The primary care dr said all looks fine. I have made an appt with an endo but feel so helpless. Any thoughts on my lab results?

Hugs and Thanks,
Kat


----------



## GD Women (Mar 5, 2007)

Your TSH and FT4 are within Labs so symptoms should not be thyroid related. 
It would be more helpful if you had an FT-3 done with the other two instead of T3 and posted your Labs reference range. There are issues that can interfere with Totals where they don't interfere with the Frees. However, both levels seem to be low, if your FT-3 is low as well, something else might be going on that might be the cause of your issues.

There are a lot of other health issues that mimic thyroid symptoms and need to be checked out before any type diagnose and treatment. Symptoms need to correlate with thyroid levels for it could be something else. 
"The symptoms of both hyperthyroidism and hypothyroidism are non-specific . Thus the practice of prescribing thyroid treatment on a clinical basis alone without biochemical confirmation carries potential risks". - New England Journal Of Medicine 
If you have symptoms and don't have a wholesome diet, take nutritional supplements, exercise to tolerance, get physical treatment as needed and abstain from taking metabolism-slowing drugs each day (such as beta-blockers, muscle relaxants, and narcotics) raises the possibility that your symptoms are caused by the issue addressed above. For example, if you don't take nutritional supplements, nutritional deficiencies may the cause of your symptoms. In that case, taking nutritional supplements would relieve the symptoms.
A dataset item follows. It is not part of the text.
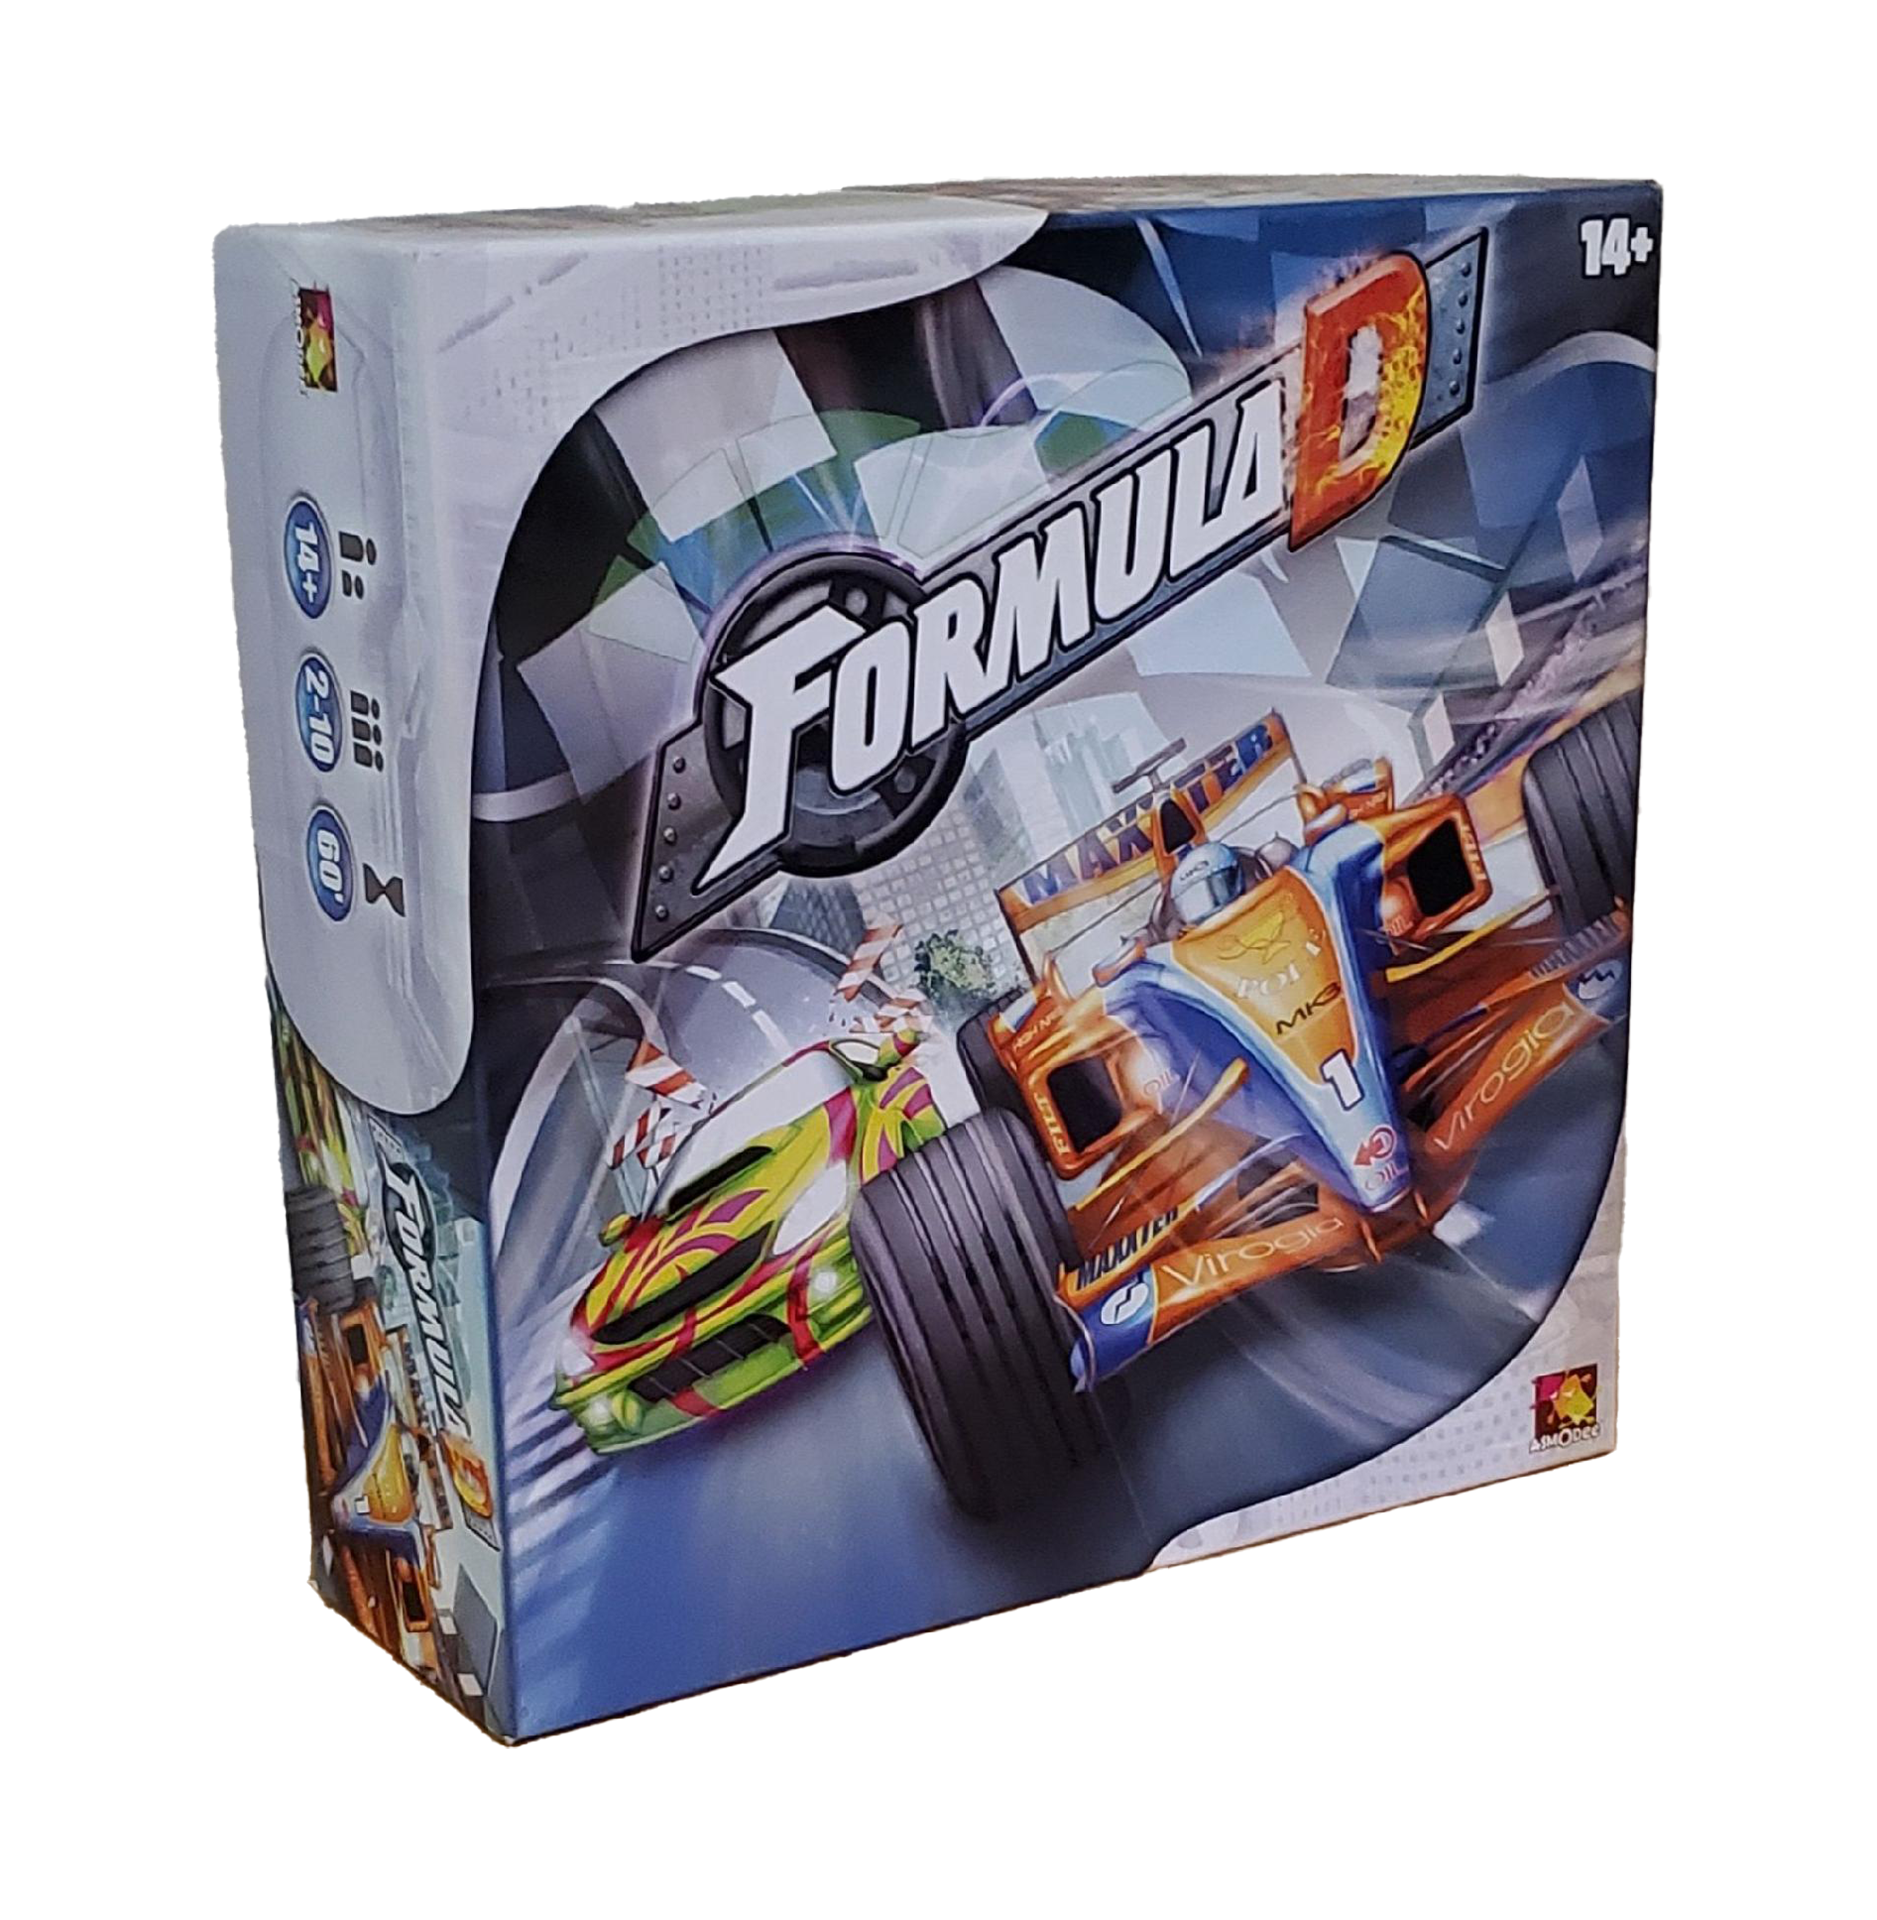 The board game Formula D by Asmodee

You should consider the use of thyroid hormone only when you can honestly say that you do all the above. 
If you do all the above, it's suggested you find an alternative doctor who is cooperative and collaborative. The doctor should be competent at differentiating medical disorders that might be causing your symptoms. For example, low adrenal function is a common cause of some of the symptoms 
A doctor competent at diagnosis can help you determine the cause-whether it's hypothyroidism or some other disorder.

A lot of us have weight issues, in fact 66 % of the world's population is overweight. They say that only 10 lbs of weight gain is due to thyroid, 
TSH above 10. And I do struggle with weight on the unhealthy side. I blame it on my genes. We just can't blame everything on thyroid.

Good luck with the endo.


----------



## Andros (Aug 26, 2009)

kat2800 said:


> Hi everyone. I feel very good about finding this message board today and hope someone here can help point me in the right direction. I have suffered from weight problems(100 lbs overweight almost all after the kids were born), extreme fatigue, ADHD symptoms, irritable bowels, and extreme puffiness (like water retention) for years. It started 10 yrs ago after my first child was born and has continued to get worse since my second child was born 4 1/2 years ago. I diet and exercise (when I actually have the energy to) and I can lose about 14lbs but then nothing else - no matter what!
> 
> I have asked for tests and have gotten the following:
> TSH 1.05 (range .34 - 5.6)
> ...


Hi there Kat and welcome.

It does not look fine to me. Your FT4 is in the basement. It should be mid-range (.86) or higher. Definitely higher as this FT4 is what converts to your FT3 (you did not have that test) and the FREE T3 (FT3) is your active hormone.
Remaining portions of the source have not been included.